Despite the progress made in the area of inflation, “Interest rates still have to rise significantly at a steady pace”, said Isabel Schnabel of the ECB in January. “Inflation will not subside by itself”, she added. The sturdiness of the euro economy supported her case that further hawkishness was needed. For instance, the ECB anticipate “very strong” wage growth this year.

Confirming positive feelings about the euro economy, Goldman Sachs withdrew their assessment that a recession was due to set in. Rather, as of January, they predicted GDP growth of 0.6% for the year, as compared with their previous projection of a 0.1% shrinkage.

“We also look for core inflation to slow due to cooling goods prices but see continued upward pressure on services inflation due to rising labour costs”, said Goldman.

The Bears

In the first 11 days of the year, Europe’s Stoxx 600 index gained as much as 5% amid all this bullishness, but some voices were more cautious. Euro bears pointed out Russia’s assault on Ukraine could accelerate, leading to another surge in energy prices, which could hinder growth. Also, in the event inflation heats up again in the US, with the economy continuing to strengthen, the Fed could stay hawkish and the US dollar could get another push upwards, making for a headwind for the euro.

Peeking Ahead

However, in the opinion of JPMorgan, the persistently hawkish attitude of the ECB will prop up the euro.

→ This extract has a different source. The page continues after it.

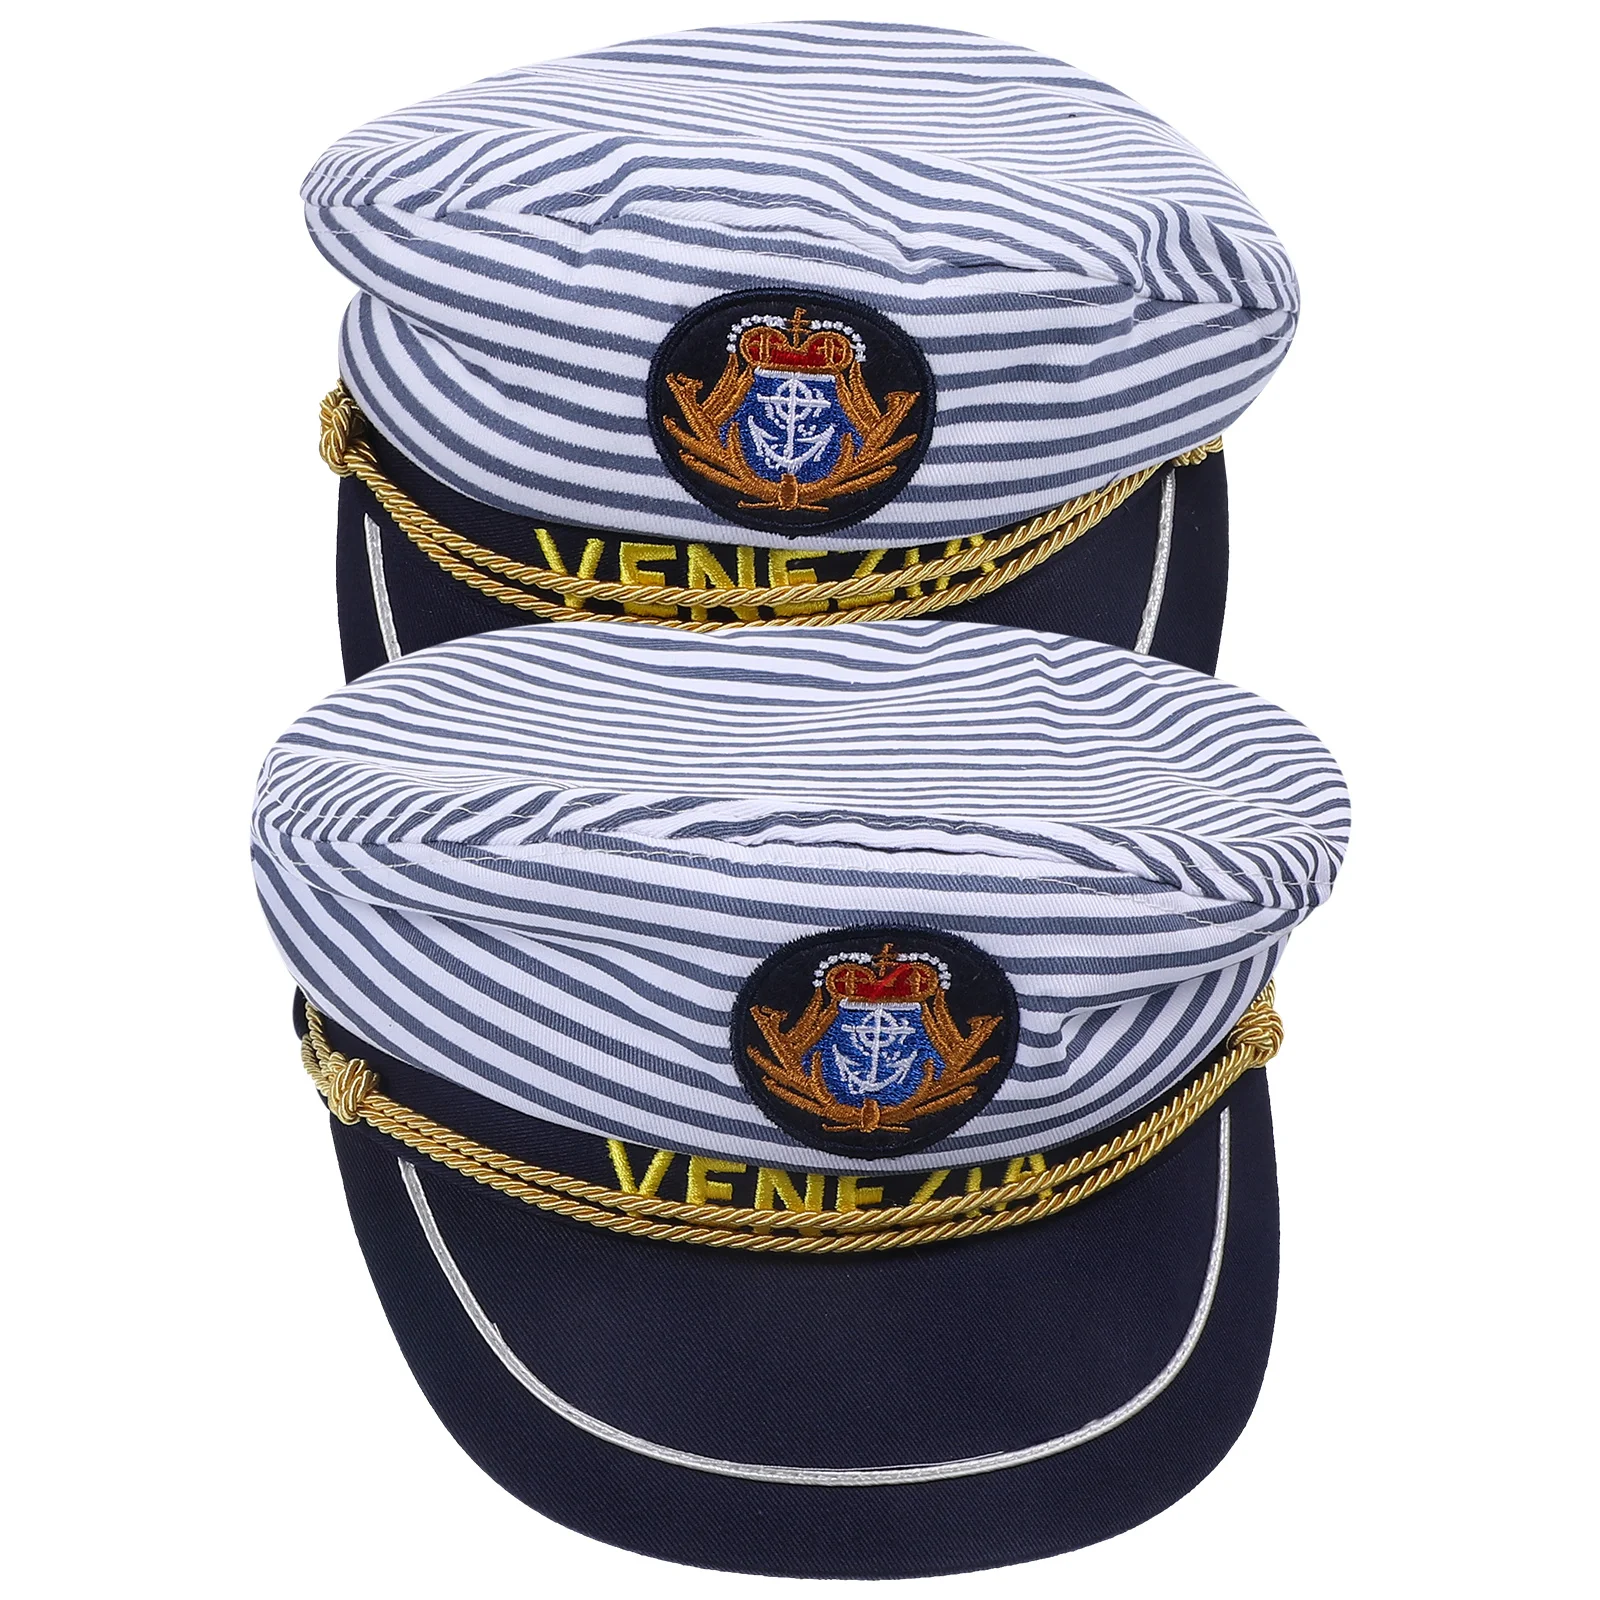 

2 Pcs Outdoor Decor Sailor Hat Women Captain Berets Boat Captains Hats Boaters Cotton Boating Gifts Accessories Child Sailing
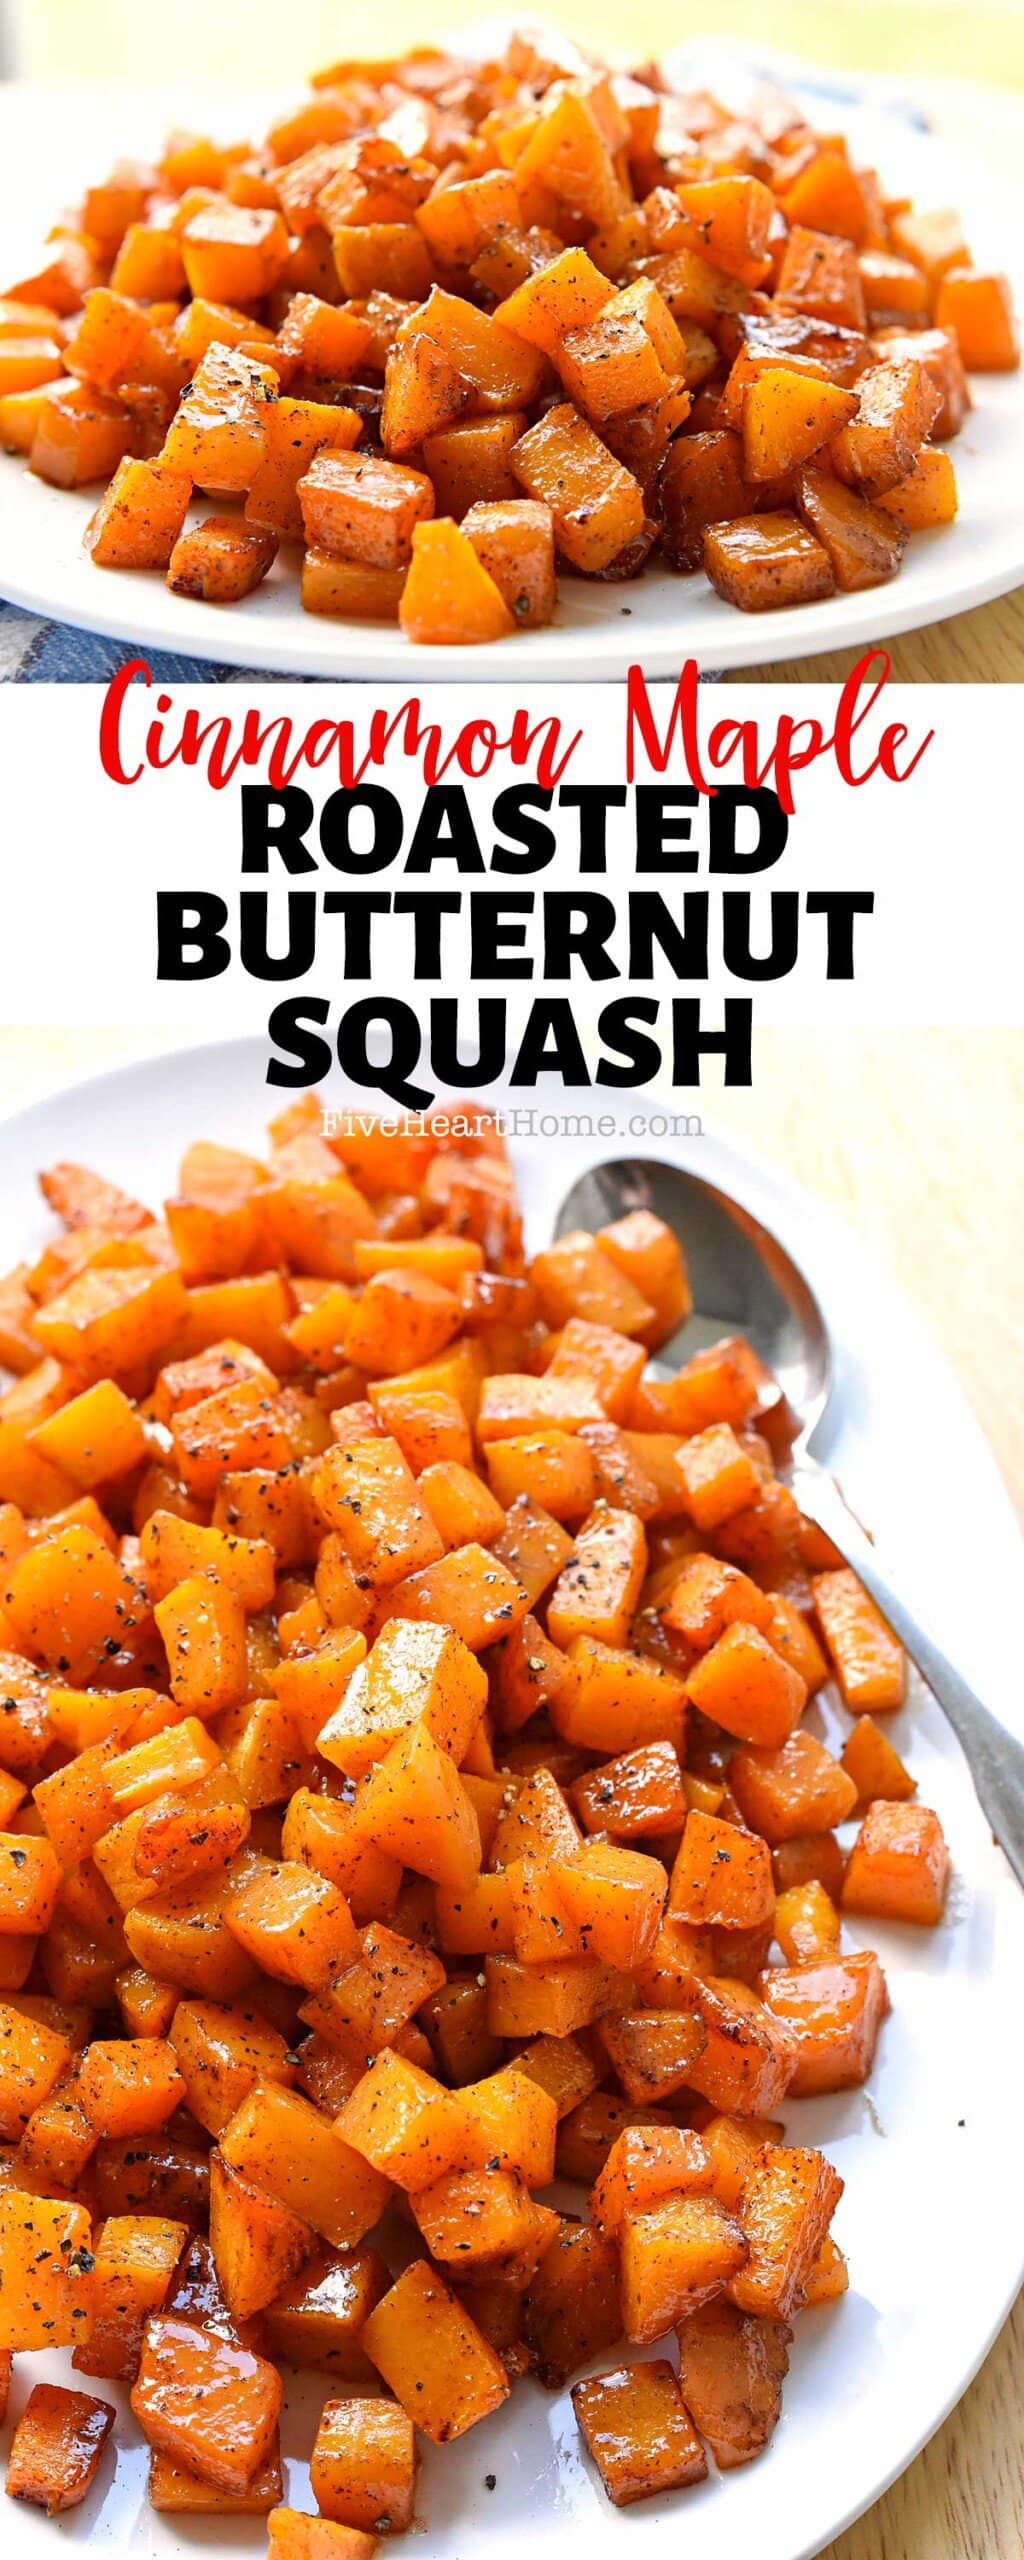 Roasted Butternut Squash with Cinnamon + Maple is a sweet and savory recipe of tender roasted squash coated with coconut oil, maple syrup, and cinnamon for a gorgeous, golden fall or winter side dish! | FiveHeartHome.com via @fivehearthome

And Deutsche Bank’s George Saravelos believes “The pieces are falling into place for a more sustained downturn in the dollar”. Other analysts believe that the more gas prices drop, the better news it will be for the euro.

In forex trading early in the second week of January, the dollar index (which gauges the USD against six other currency partners), fell 1.15% as traders rediscovered their appetite for risk.